Data section:

+++

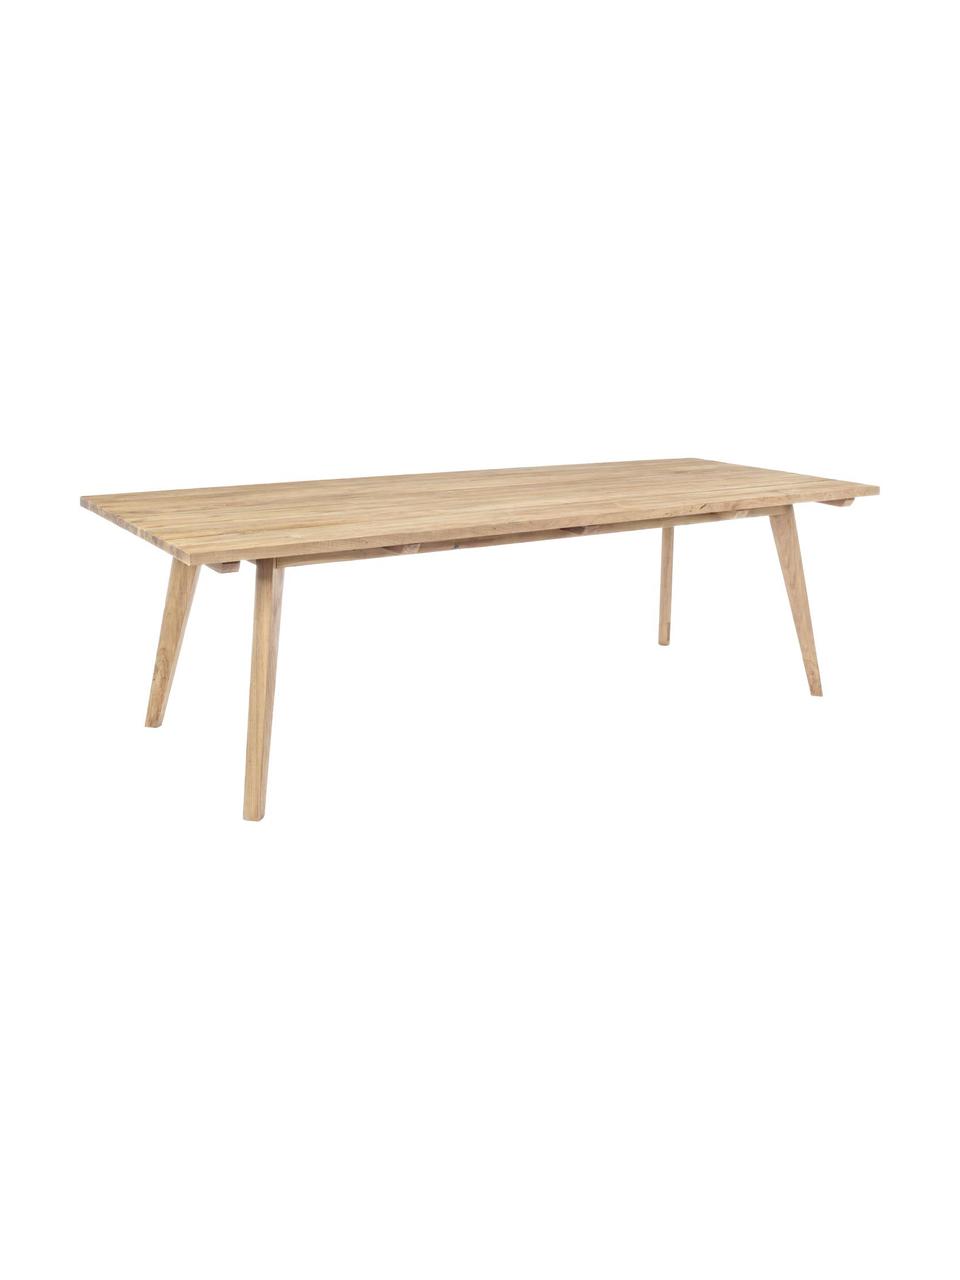 Table de jardin en bois de teck Kendari, Bois de teck recyclé et non traité
Certifié FSC, Teck, l 260 x p 100 cm
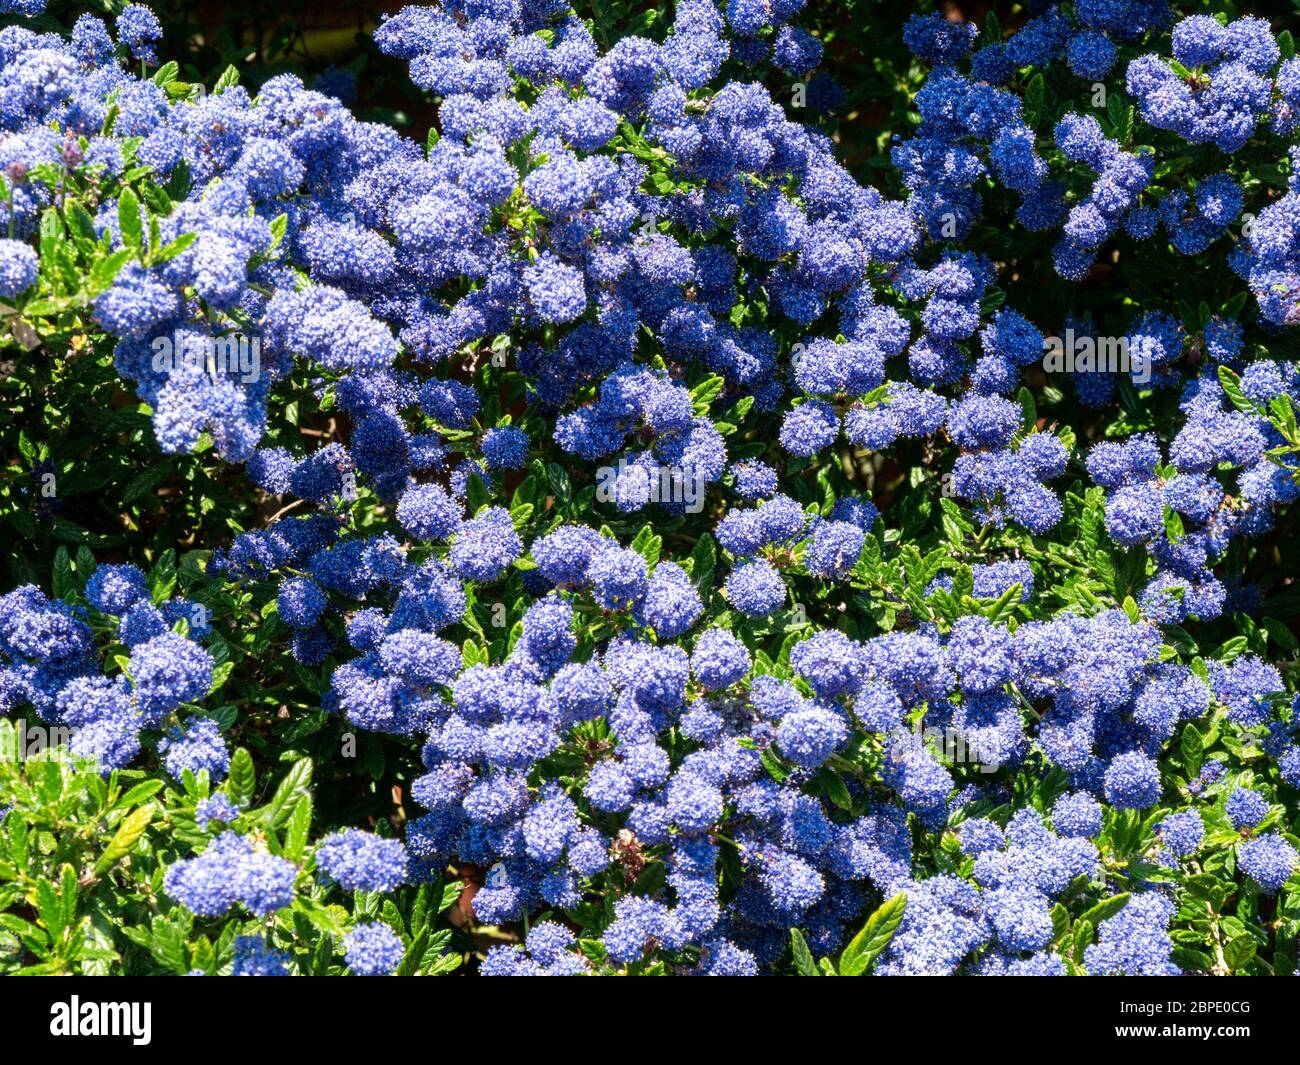 Ceanothus 'Puget Blue', buisson californien de Lilas recouvert de fleurs bleu profond en mai, Leicestershire, Angleterre, Royaume-Uni Banque D'Images

+++

Work to be completed:
Only the words belong in your copy: restate the data above exactly and leave the images out.

Exercise result:
 Table de jardin en bois de teck Kendari, Bois de teck recyclé et non traité
Certifié FSC, Teck, l 260 x p 100 cm
 Ceanothus 'Puget Blue', buisson californien de Lilas recouvert de fleurs bleu profond en mai, Leicestershire, Angleterre, Royaume-Uni Banque D'Images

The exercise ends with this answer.